Арсений задумался. Начинать всегда трудно. И чем больше, значительнее дело, тем сложнее его начать. Но как сядешь, так и поедешь, поэтому правильный старт очень важен.
– Я уже думал на эту тему. Понятно, что выбирать нужно простые задания. Чтобы их было легко осуществить. Но вот что касается времени реализации… Чем ближе момент, который необходимо изменить, тем больше потребуется энергии для осуществления изменений.
– Но ты же считаешь, что время рано или поздно само придет, нужно только иметь терпение дождаться.
– А как мы тогда определим, произошло или нет? Может быть, мы уже обратно уедем с дачи, а результата все еще не будет.
– С помощью моих экстрасенсорных возможностей. Ты что, все забыл? Это же была твоя идея.
– Нет, я помню. В теории это выглядело перспективно. А сейчас я почему-то вдруг растерялся. Вы знаете, с момента нашего последнего разговора произошел еще один интересный эпизод. Я сидел на диване, и мне был нужен пульт, который лежал на телевизоре. Я решил попробовать заполучить его, не вставая с места. Тогда я закрыл глаза, вытянул руку вперед и попытался сформировать свои мысли таким образом, как я делал это во сне. Но во сне все просто, а тут на всякий случай я максимально сосредоточился на процессе, ушел глубоко в свои мысли, отключился от всего происходящего. И вдруг пульт оказался в моих руках.
– Да не может быть! Каким это образом? – удивился Малахов.
– Да очень просто! Настолько просто, что даже неинтересно. Всего-навсего Вика вошла в комнату, увидела меня, сидящего на диване с протянутой к пульту рукой и закрытыми глазами. Она сообразила, что я хочу пульт, взяла его и вложила в мою руку.
Малахов засмеялся.
– Да-да. Смешно, я согласен. Но если подумать? Как это прикажете понимать? С одной стороны, конечно, можно сделать заключение, что эксперимент провалился. Но с другой – ведь желаемое осуществилось. А способ осуществления я и не заказывал.

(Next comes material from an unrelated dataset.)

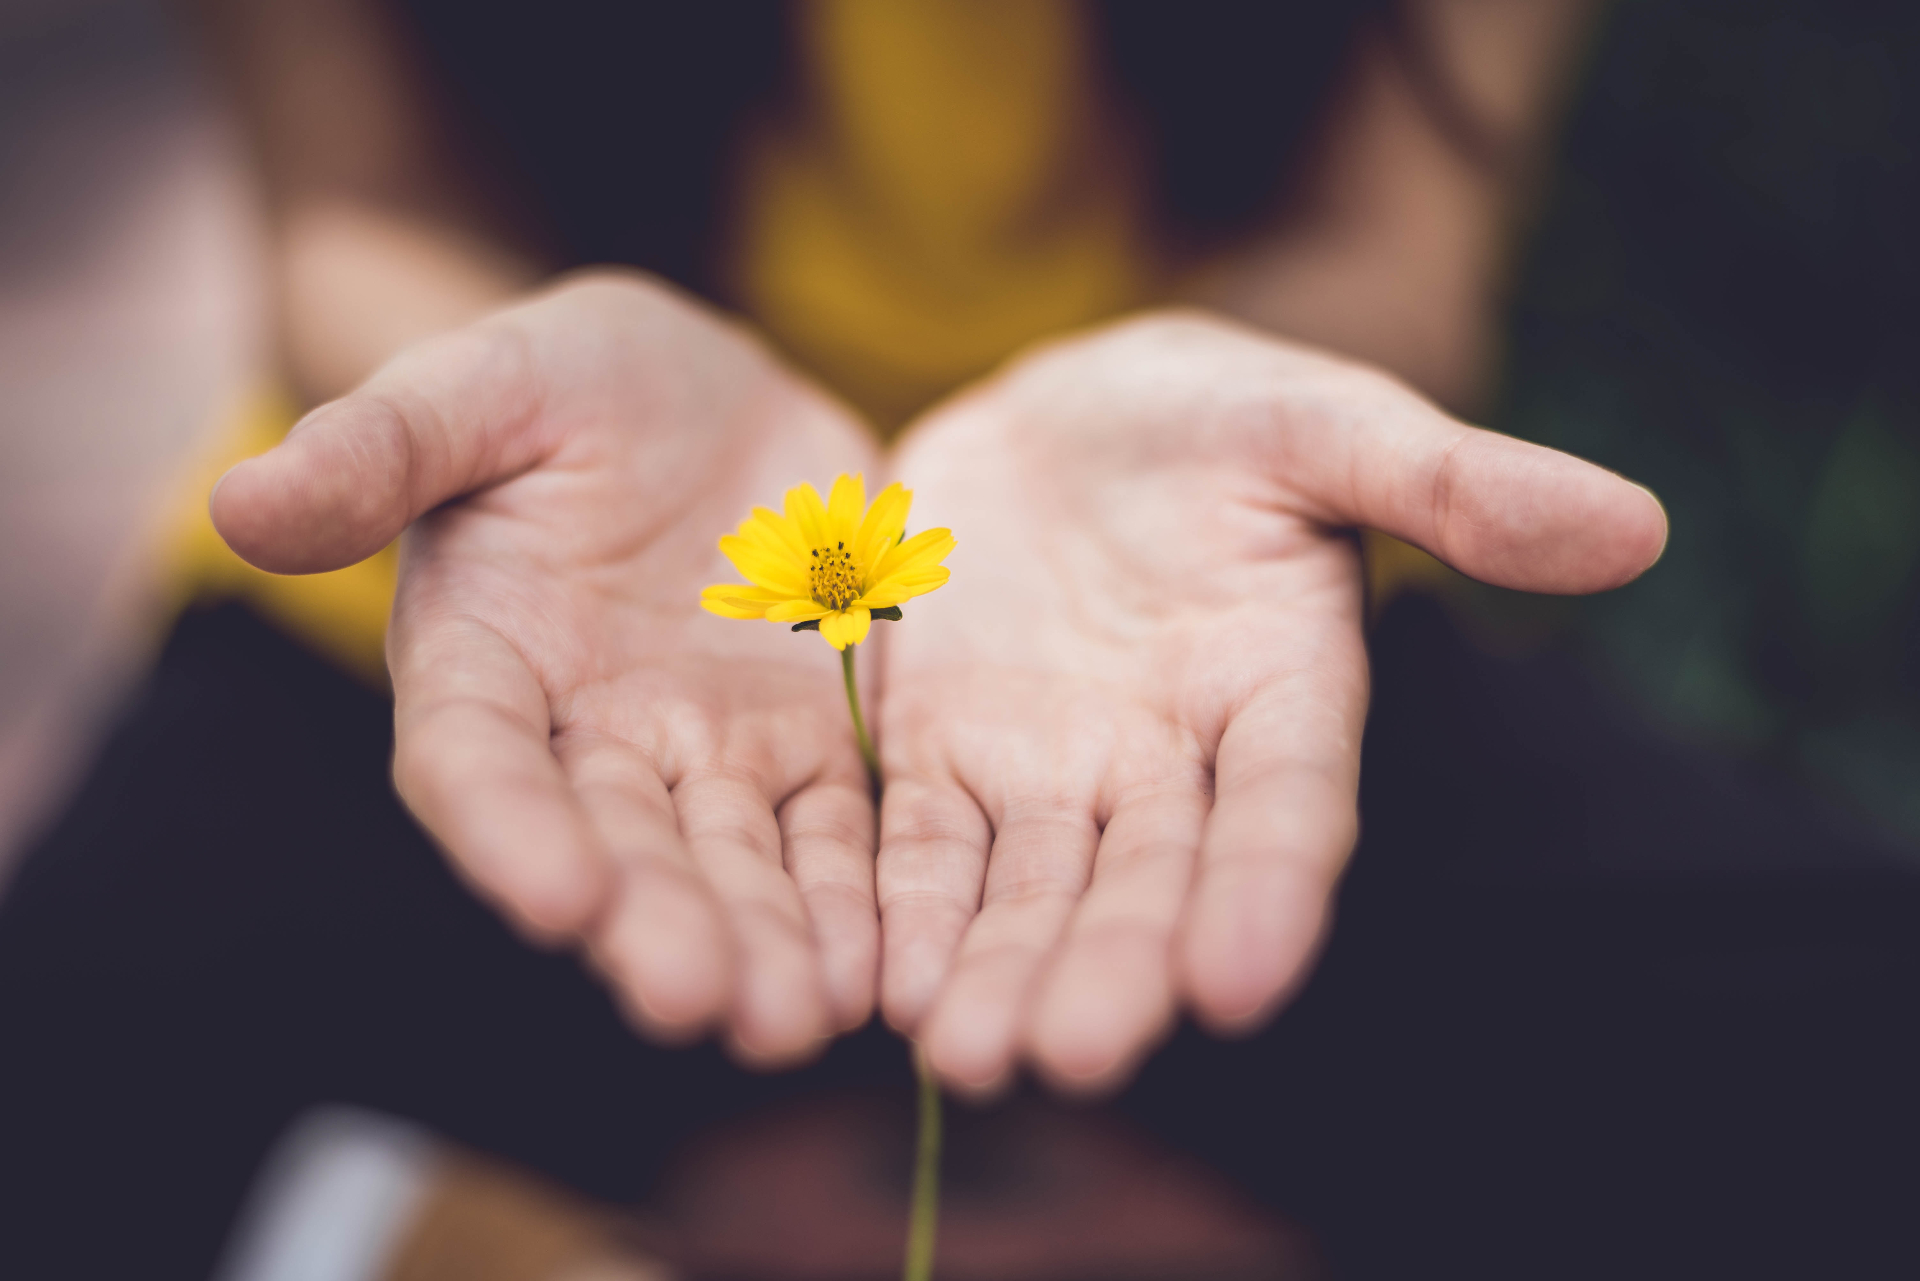 Open hands with one yellow flower in the center

Вполне вероятно, что в данной ситуации существовала возможность с минимальными энергетическими затратами исполнить мой заказ именно таким образом.
– Но я уверен, что ты не остановился на этом. Что было дальше?
– А что дальше? Больше таких «чудес» не происходило. Вике я объяснил свою задумку, тем самым ликвидировав возможность ее вмешательства. Согласитесь, ведь это было бы уже неинтересно. Потом я, конечно, еще много раз пытался заполучить пульт «волшебным» образом. Безуспешно. Если по сути пульт мне не был нужен, так сказать, эксперимент ради самого эксперимента, то заказ так и оставался невыполненным. А если пульт мне действительно требовался, то я, отчаявшись дождаться помощи сверху, просто-напросто вставал с дивана и брал его. В какой-то степени это тоже исполнение заказа. Но с научной точки зрения как-то неубедительно.
– Да уж. Такой результат действительно ничего не доказывает. Но ведь и не опровергает!
– Может, да, а может, и нет. Не знаю, наверное, все же опровергает. Ведь когда пульт был не нужен, заказы не выполнялись вовсе.
– Стало быть, запомним для себя, что заказ, в необходимость которого ты сам искренне не веришь, не исполняется. И в будущих экспериментах будем этот факт учитывать. Только и всего.
– И как же мы теперь сможем продумать программу наших исследований?
– Не знаю. Твоя идея – ты и думай. А я пока, пожалуй, пойду приготовлю нам что-нибудь перекусить. Я изрядно проголодался.
Наскоро соорудив бутерброды из привезенных с собой продуктов, вскипятив чайник и разлив чай по чашкам, с подносом в руках Евгений Михайлович вернулся в комнату. Расставил посуду, пригласил юношу к столу.
– Перехватим по-быстрому бутербродов с чаем. А уж на ужин приготовим что-нибудь посерьезнее. Не возражаешь?
Арсений неожиданно вскрикнул и стукнул себя ладонью по лбу:
– Вот я балда!
– Какая-то у тебя странная реакция на бутерброды с чаем, – улыбнулся Малахов. – Что за приступ самокритики?